Hacker News

From unit tests to whole universe tests (with will wilson of antithesis) [video]

34 points by zdw 3 days ago | 19 comments

I found helpful this explanation of what Antithesis isn't:

> Property-based testing vs. Antithesis

> Property-based testing (PBT) uses random inputs to check individual data structures, procedures, or occasionally whole programs for high-level invariants or properties. Property-based testing has much in common with fuzzing—the main differences are heritage (PBT comes from the functional programming world, while fuzzing comes from the security/systems programming world) and focus (program functionality vs. security issues). Like fuzzing, PBT is generally only applicable to self-contained libraries and processes.

> Antithesis is analogous to applying PBT to an entire interacting software system—including systems that are concurrent, stateful, and interactive. Antithesis can randomly vary the inputs to a software program, and also the environment within which it runs. Like a PBT system, Antithesis is designed to check high-level properties and invariants of the system under test, but it can do so with many more types of software.

I've scrubbed through the video, and it seems to be 100% talking-head filler except for an outro still image—no actual video information content at all unless you want to analyze Wilson's facial expressions or think he's hot.

Regular reminder that yt-dlp (--write-sub --write-auto-sub --sub-lang en) can download subtitles that you can read, grep, and excerpt, so you don't have to watch videos like this unless you like to.

lioeters an hour ago [ - ]

Great tip about downloading subtitles, useful!

stogot 15 hours ago [ - ]

Thanks for the auto sub I didn’t know it is a feature.

How did you get ytdlp to work? It used to work for me and I just did a fresh install a week ango and now youtube is giving me auto/cookie/sign in errors (captcha I presume?) when it didn’t before

tczMUFlmoNk 15 hours ago [ - ]

As a general rule, you should update yt-dlp before using it. They release new versions very frequently to work around new walls on YouTube and other platforms. An update usually solves this kind of issue for me, even if I've updated just a few days ago.

(I haven't tried it today so can't speak to whether this is a complete solution in this particular case.)

kragen 2 hours ago [ - ]

At the moment I'm getting "HTTP Error 429: Too Many Requests" (with yt-dlp-2025.9.5 installed in a virtualenv via pip), which has been happening more often recently. I got it when downloading the Spanish subtitles file after successfully downloading the English one, so yt-dlp didn't continue on to try to download the video. But YouTube has also been working unreliably for me in the browser.

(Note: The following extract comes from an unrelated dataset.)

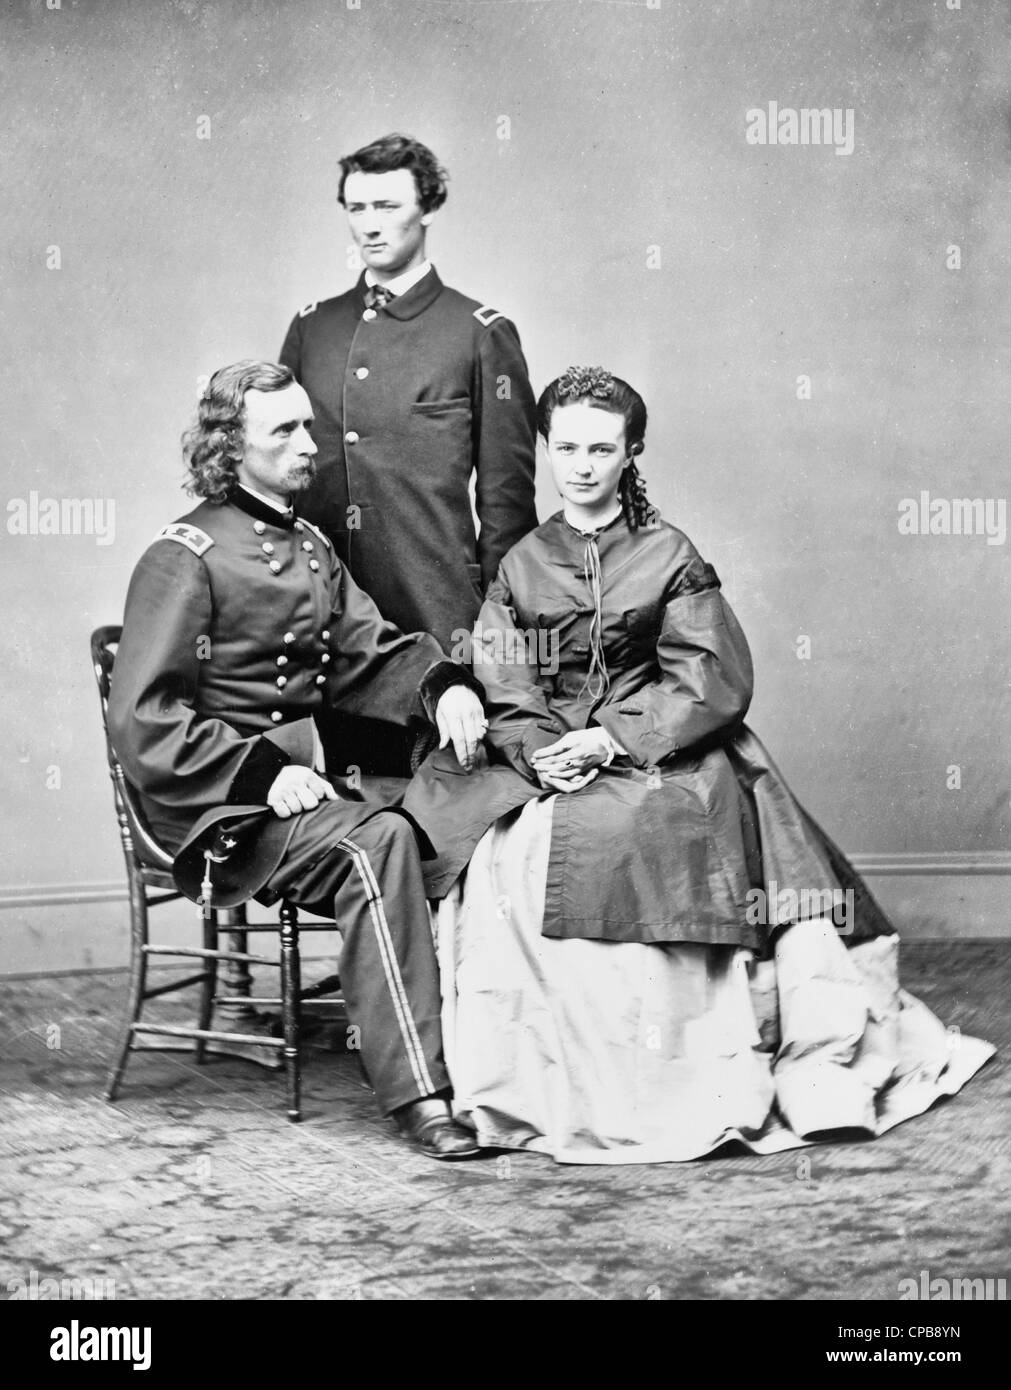 George Armstrong Custer, in uniform, seated with his wife, Elizabeth 'Libbie' Bacon Custer, and his brother, Thomas W. Custer, standing, Circa 1870 Stock Photo

Edit: a few minutes later it worked, although I didn't let it download the whole video, because it was huge. The subtitle file is 12631 words processed with http://canonical.org/~kragen/sw/dev3/devtt.py. That's about 38 minutes of reading.

One drawback of the transcript in this case is that it doesn't identify the speaker. It doesn't seem to contain many errors.

The key point seems to be this one (18'06"):

> But what you what you what you want to do is use guidance and use feedback from the system under test to optimize the search and notice when things have interesting things have happened, things that aren't necessarily bugs, but that are rare behavior or special behavior or unusual behavior. And so the test system can see that something interesting has happened and follow up opportunistically on that discovery. And that gives you a massive lift in the speed of finding issues.

> And the way that we're able to do that is with this sort of magical hypervisor that we've developed which allows us to deterministically and perfectly recreate any past system state.

> So people generally think of the value of that hypervisor as like any issue we find is reproducible. Nothing is nothing is works on my machine. If we find it once we can repro it for you add infin item.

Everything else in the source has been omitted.